Re: Motel 77: Cris & Sam
He wasn't doing anything wrong. He wasn't saying anything wrong. The girl with the powder in her veins, she was too messed up for that kind of thinking. There wasn't enough outward in her mind for blame or anything like that. Her body was recovering from something that took over her mind and left her feeling like a rag doll, no bones and just ache, during a coke-comedown, and she was reaction. She was words from her lips, pain, and she was feeling so fucking sorry for herself. She didn't want this, yeah? She didn't want to feel like she did in that moment, on that bed, and she didn't get that he was blaming himself, blaming her, working up that boil that got him going. She didn't get it, not until he got up, told her to stop, and she had to fucking try to remember what she was stopping, because the world was fake mouths and scary things in corners, and she'd never dealt with everything together like that.
Stop. Ok. Ok. Stop, what?
He fucked with the meds, and she watched them fall across the bedsheet, noisome in her mind, even though she knew there wasn't much sound. Fuck, the television was so loud that she knew she probably couldn't hear them at all. But they sounded like thunder colored orange, and she was still trying to parse through whatever the fuck she'd said.
She couldn't remember anything until telling him he wasn't selfish. Comments about Meredith and mirrors forgotten, and she hated that she was drawing a fucking blank. It was important, yeah? If it had him getting up, telling her to stop, and she didn't know what the fuck she was stopping.
She would stop, yeah? If she could just remember what. She forced herself up, sat, sitting, hands to the side of her head, palms pressed to her temples. She remembered Meredith in the bar, and Sam intentionally didn't cry, didn't pull at her hair, didn't try to create herself some sad and pathetic thing on those bedsheets. He was agitated, yeah? She didn't want to make it worse, and this was what she did. This was what she did.

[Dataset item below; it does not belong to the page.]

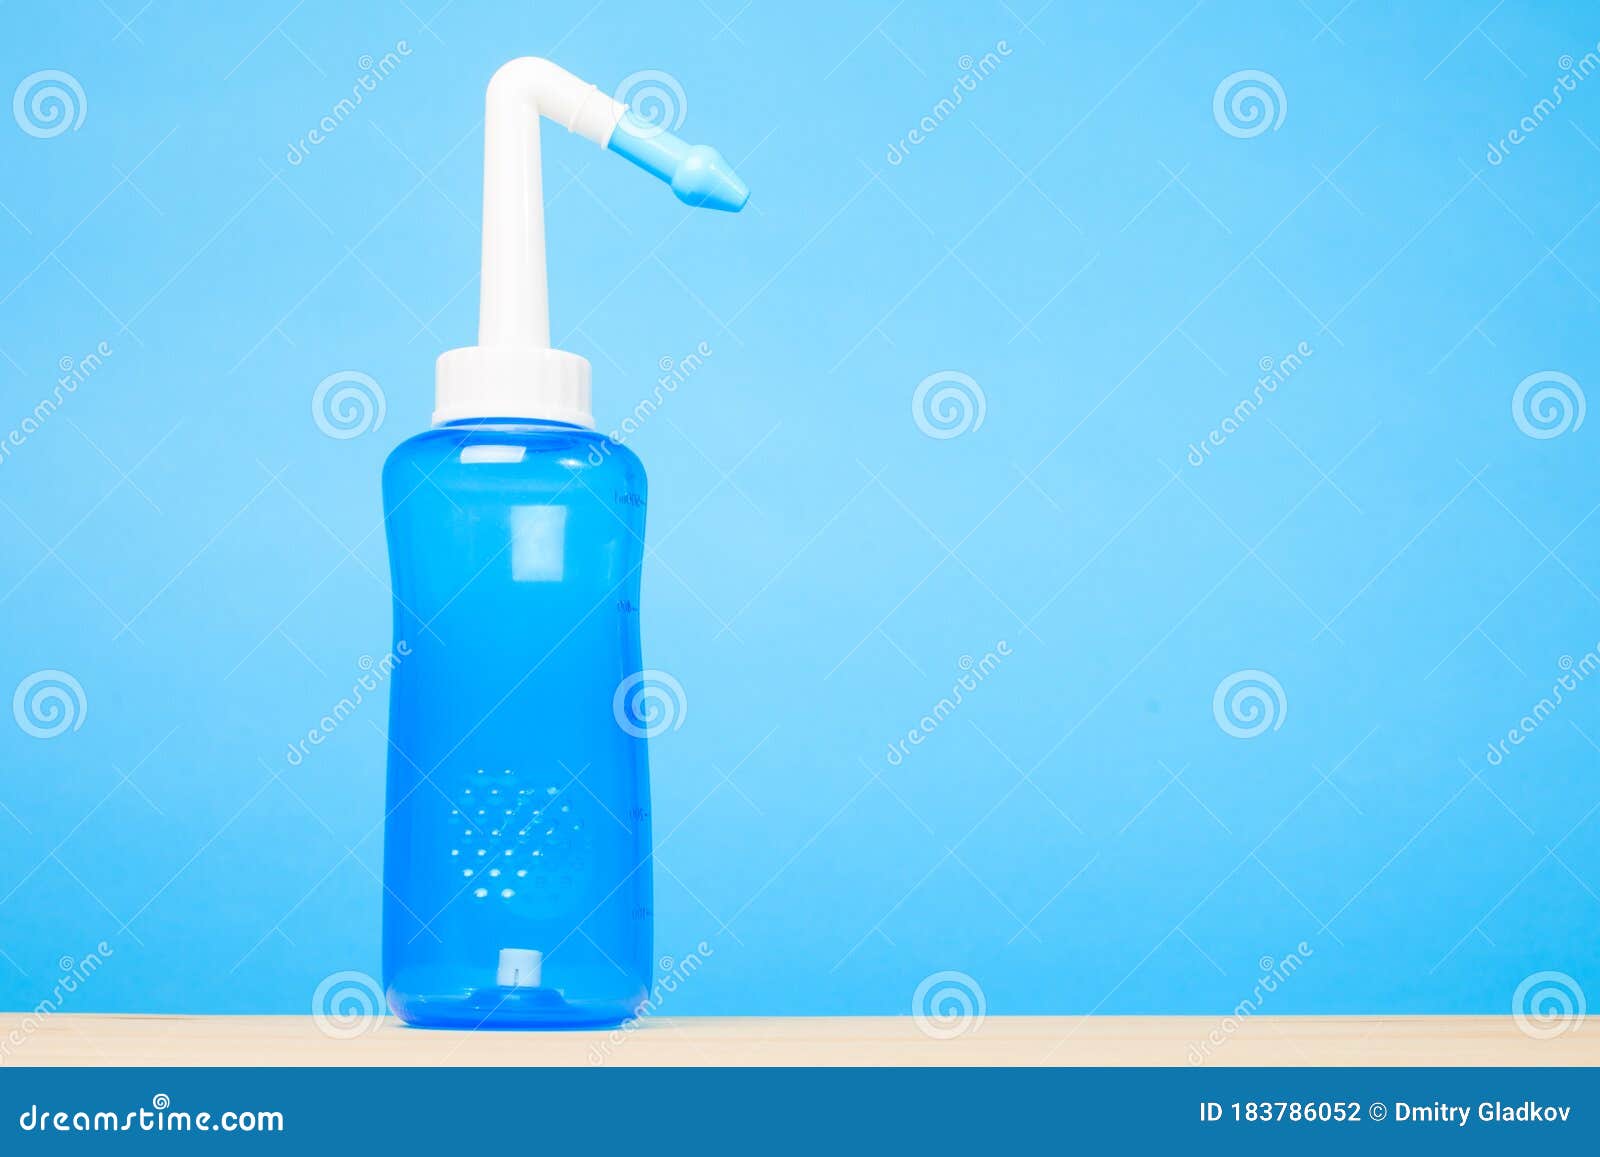 Agua Azul Pulso Botella De Lavado Nasal Sobre Fondo Azul Concepto De Riego  Nasal Foto de archivo - Imagen de medicina, sucio: 183786052

She focused on the pills, the bottles of orange, and she nudged them around with her dead-girl fingers. The names were inverted, fucked up and turned around, and she hadn't made any progress whatsofucking ever by the time he started talking again. Tipped face, and eyes that were windows to her own fucking self-frustration, she looked at him, lost. She'd thought it was good. Going to the doctor. Having him take her. She thought that was good.
Simple little thoughts, because complex was so fucking beyond her, yeah? She couldn't even tell if the television was actually ON.
She thought it was on.
Her gaze darted toward it, and she stared as he talked, but his words drew her attention back. I. I. I. And they were back here again, and this shit was familiar, yeah? She knew this song. She remembered the lyrics, and she could paint the music with detailed strokes.